Excerpted records: Begin

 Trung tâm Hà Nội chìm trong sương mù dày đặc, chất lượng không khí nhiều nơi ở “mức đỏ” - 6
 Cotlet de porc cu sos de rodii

Excerpted records: End
Excerpted records: Begin

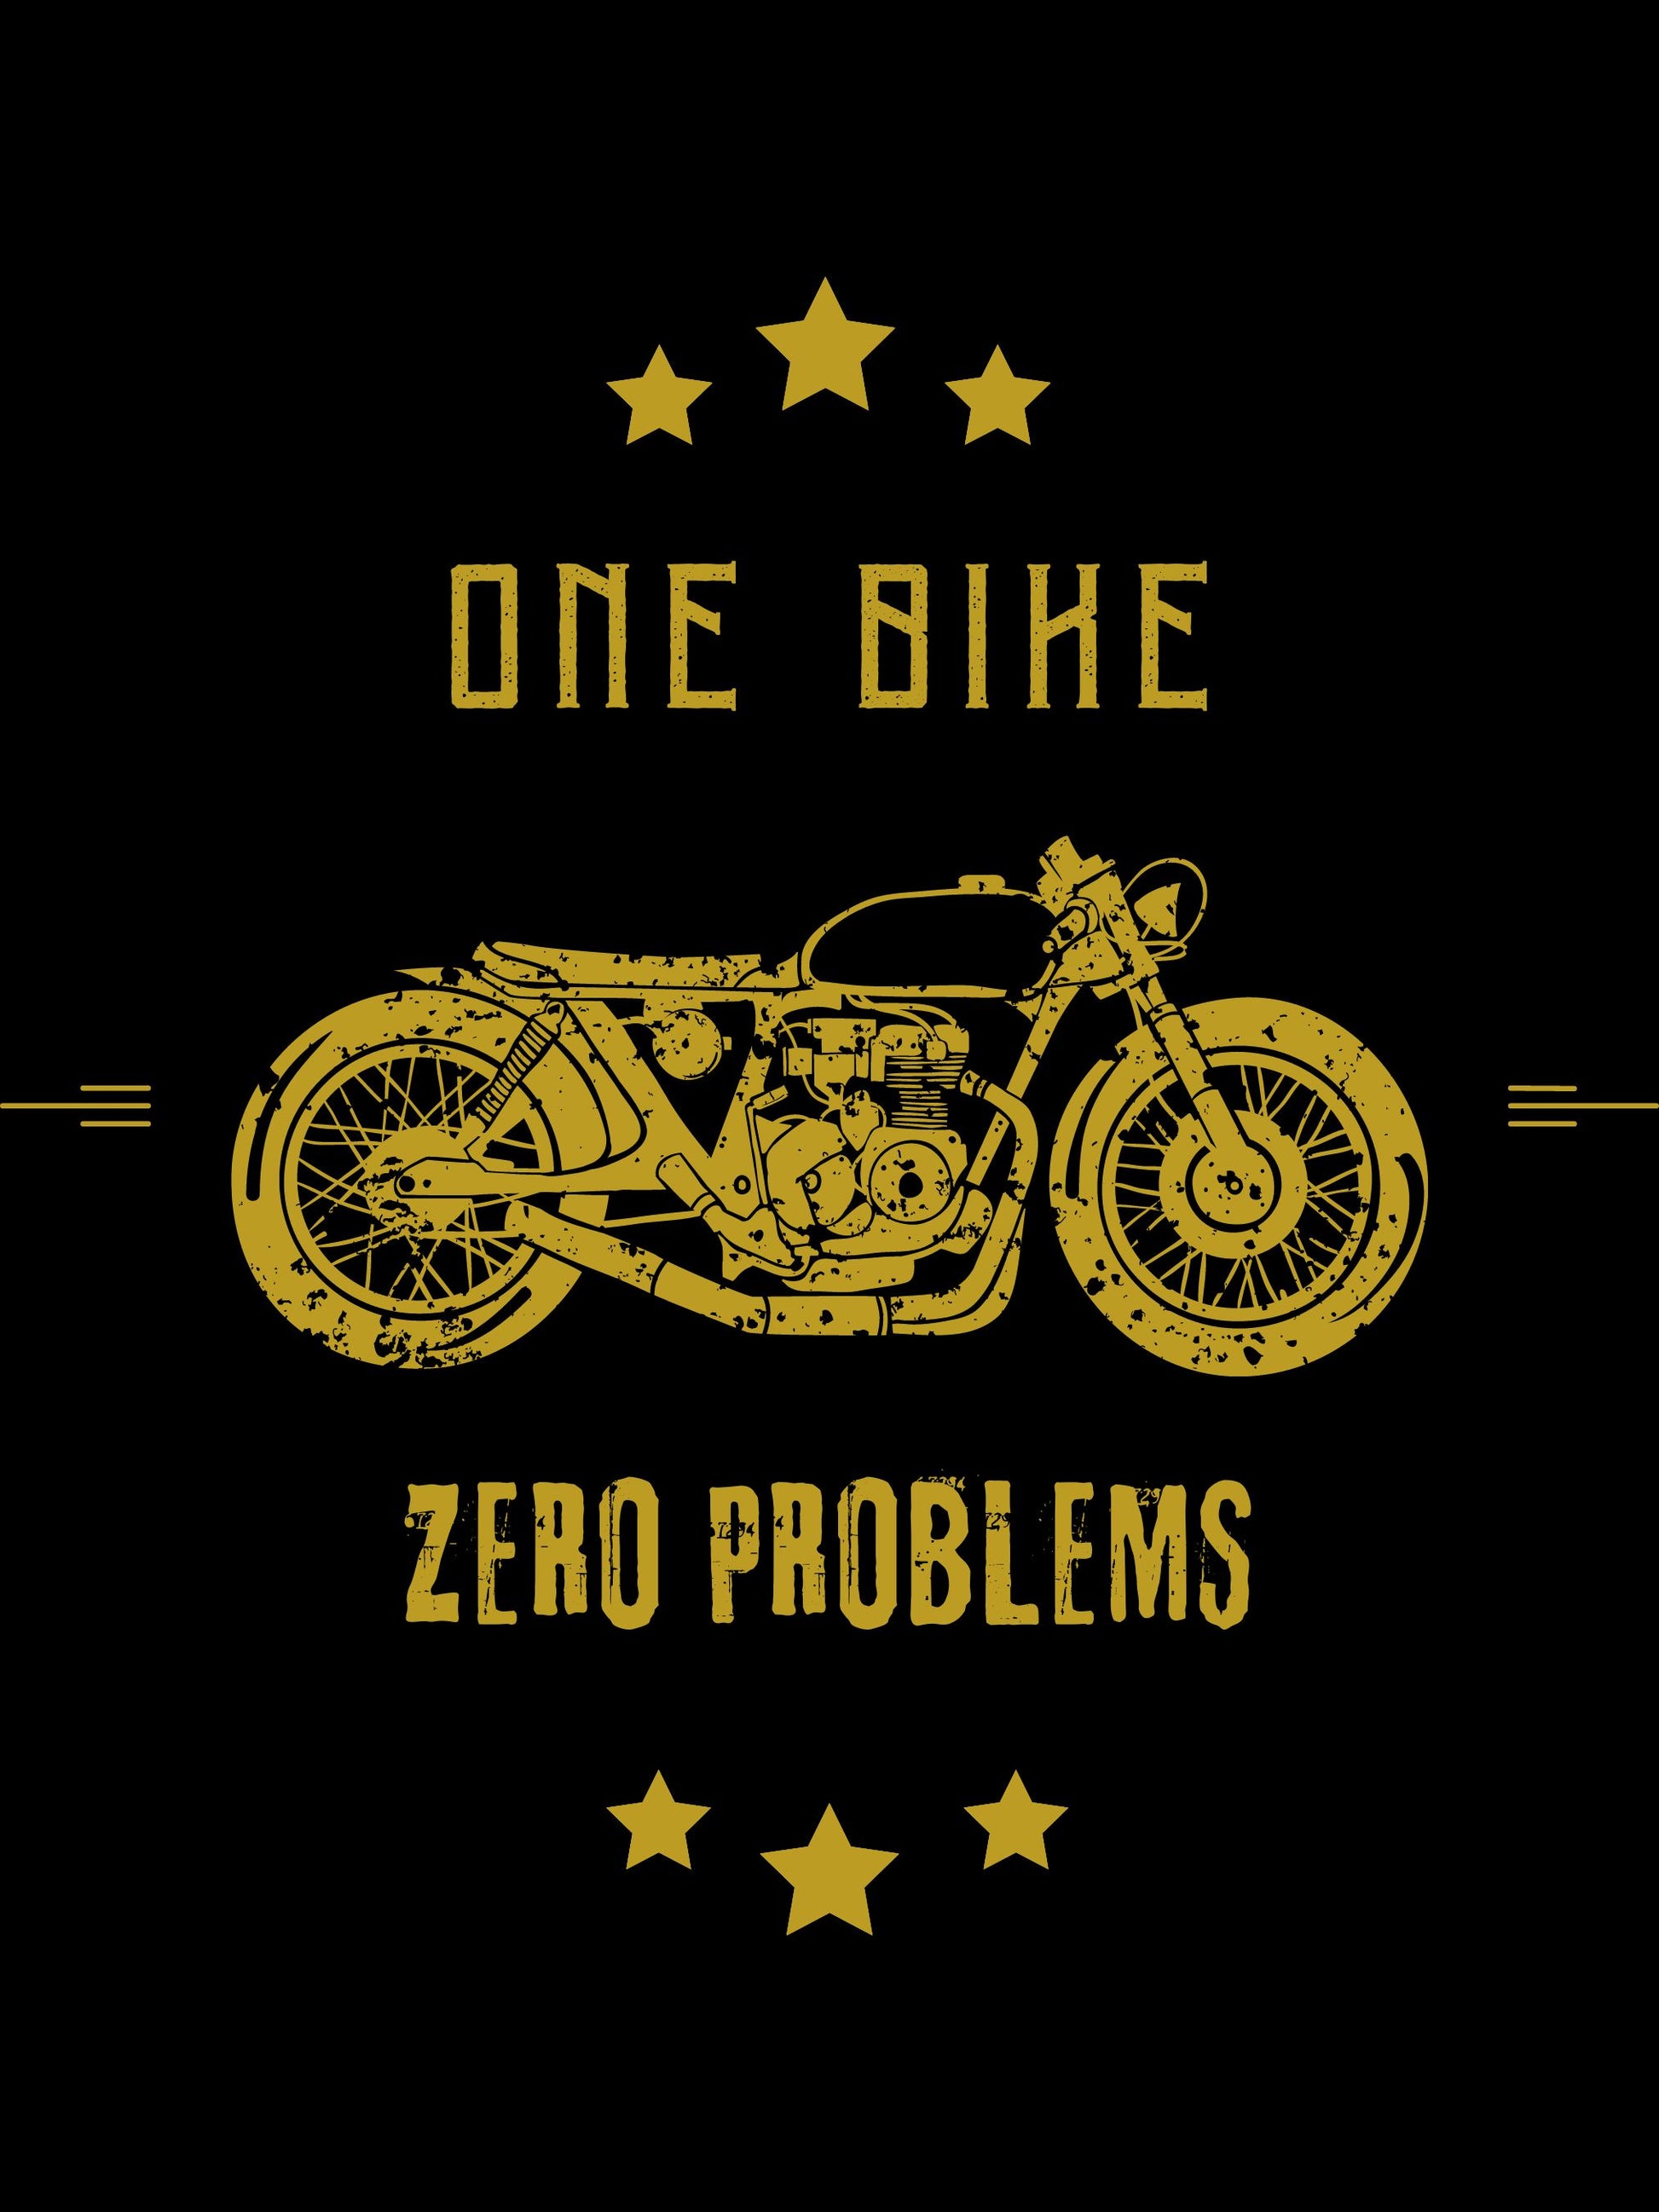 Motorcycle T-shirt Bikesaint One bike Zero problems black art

Excerpted records: End

→ **Your objective**
Only those lines of the entries above that run from the line containing "Trung tâm Hà" to the line containing "Cotlet de porc cu sos de rodii", both included, should be transcribed exactly.

→ **Expected output**
 Trung tâm Hà Nội chìm trong sương mù dày đặc, chất lượng không khí nhiều nơi ở “mức đỏ” - 6
 Cotlet de porc cu sos de rodii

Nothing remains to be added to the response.